Lamins are pivotal components of the nuclear lamina, and their interactions with chromatin and its binding partner act to regulate cell proliferation and differentiation [38]. Lamins are subdivided into A-types and B-types based on their biochemical properties [38]. In the human genome, lamin proteins are coded by three genes (LMNA, LMNB1, and LMNB2) [38]. Previous studies showed that aberrantly expressed lamin family members are observed in a wide range of cancers [39,40,41,42,43]. Data indicated that ectopic expression of anti-tumor miR-193a-3p suppressed expression levels of HNRNRU, G3BP1, UHRF1, and LMNB2 in the highly metastatic human lung cancer cell line SPC-A-1sci [44]. More recently, knockdown of LMNB2 in A549 and H1299 cells inhibited cell proliferation and increased apoptosis, indicating that aberrantly expressed LMNB2 enhanced cancer cell aggressiveness [45]. This study also showed that minichromosome maintenance complex component 7 (MCM7) was a binding partner of LMNB2 [45]. Interestingly, overexpression of the MCM family was reported in several cancers and their expression was involved in cancer pathogenesis [46,47,48]. TCGA database showed that high expression of MCM7 was significantly associated with poor prognosis of LUAD patients (pā€‰=ā€‰0.0083). Identification of the proteins with which LMNB2 interacts will lead to the elucidation of the molecular pathogenesis of LUAD.

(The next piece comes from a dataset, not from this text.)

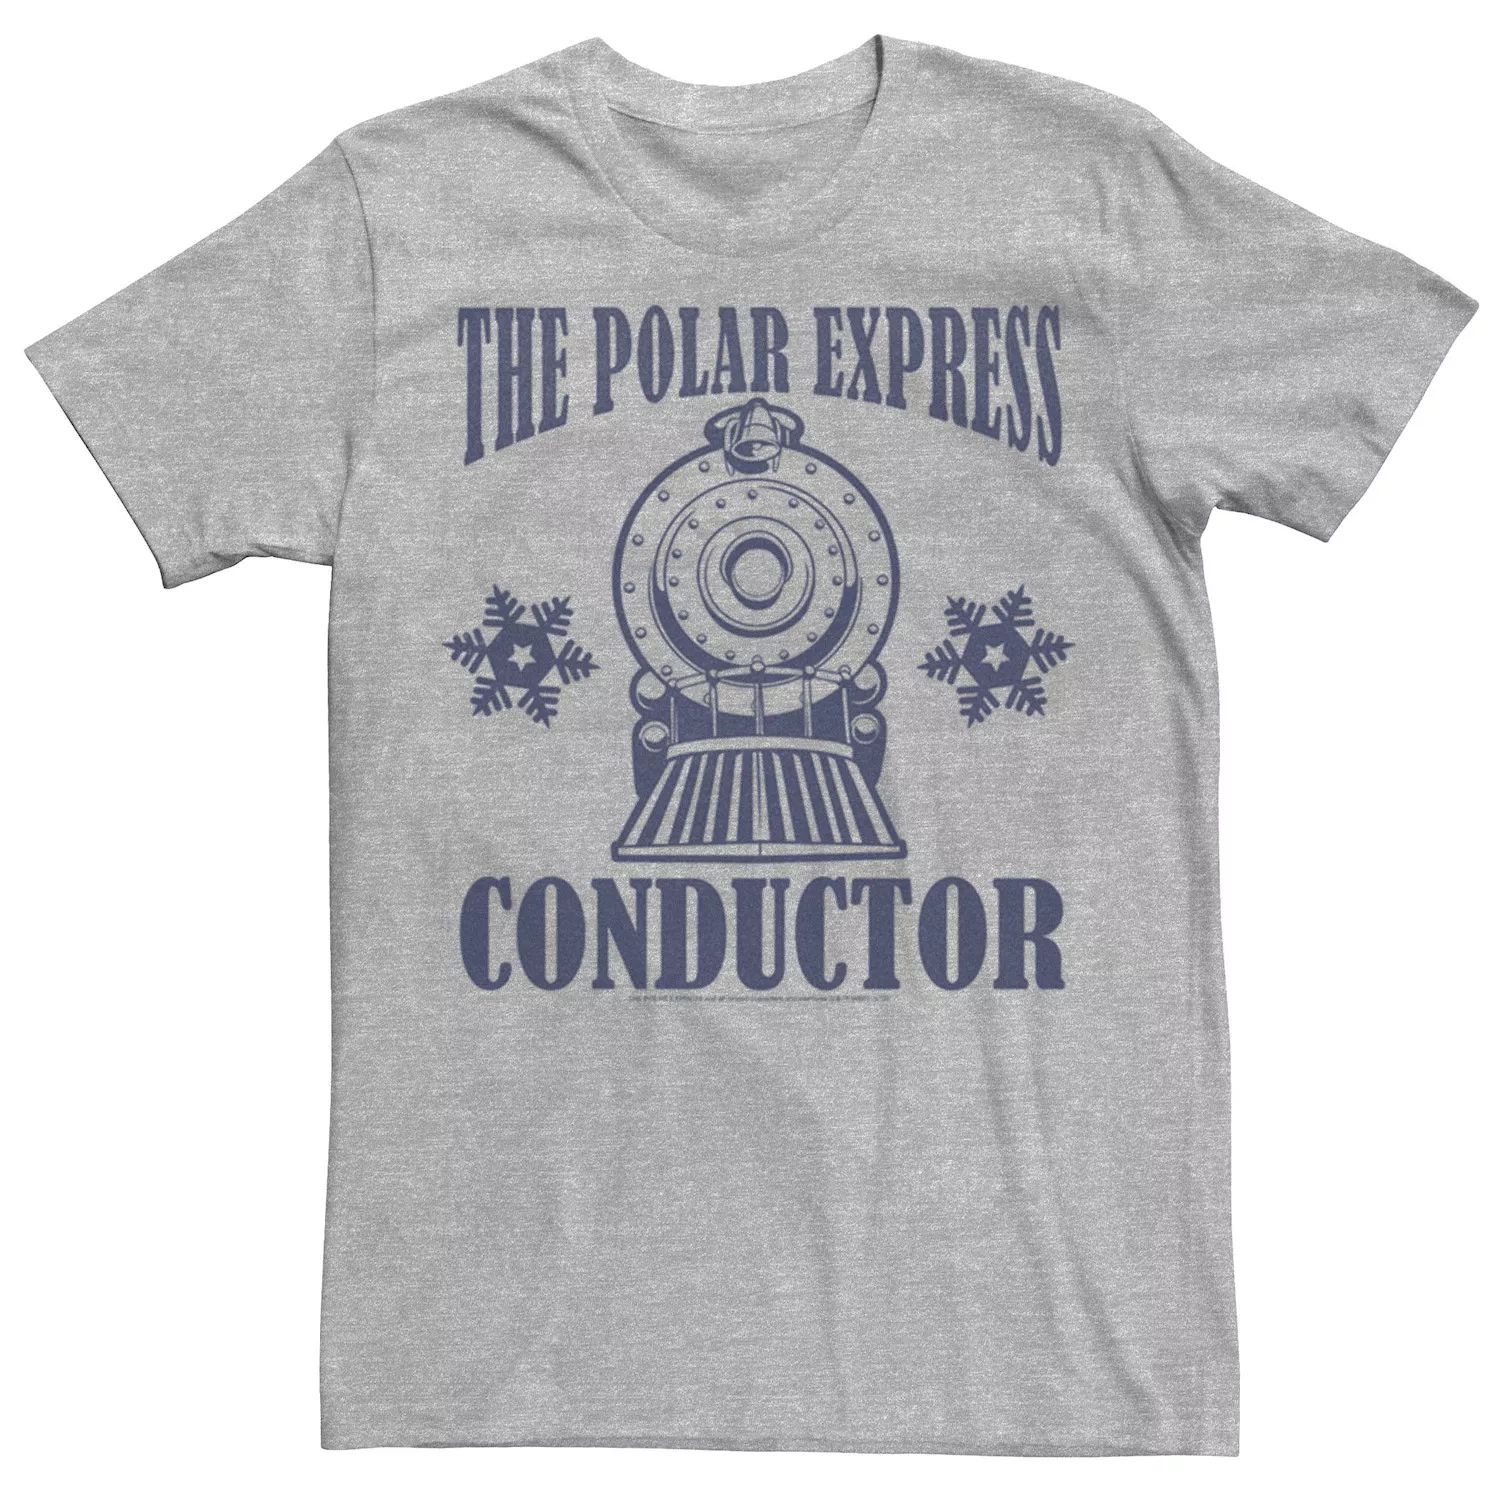 мужская футболка polar express santas sleigh licensed character Мужская футболка Polar Express Conductor Licensed Character

In conclusion, downregulation of both strands of the miR-145 duplex (miR-145-5p and miR-145-3p) was detected in LUAD clinical specimens. Data showed that both strands possessed tumor suppressive abilities in LUAD cells. To the best of our knowledge, this is the first report showing that anti-tumor miR-145-5p and miR-145-3p coordinately regulated LMNB2 in LUAD cells. Overexpression of LMNB2 enhanced cancer cell aggressiveness and its expression was involved in LUAD pathogenesis. Further studies of anti-tumor miRNA-modulated pathways in LUAD may provide novel insights into the molecular pathogenesis of this disease.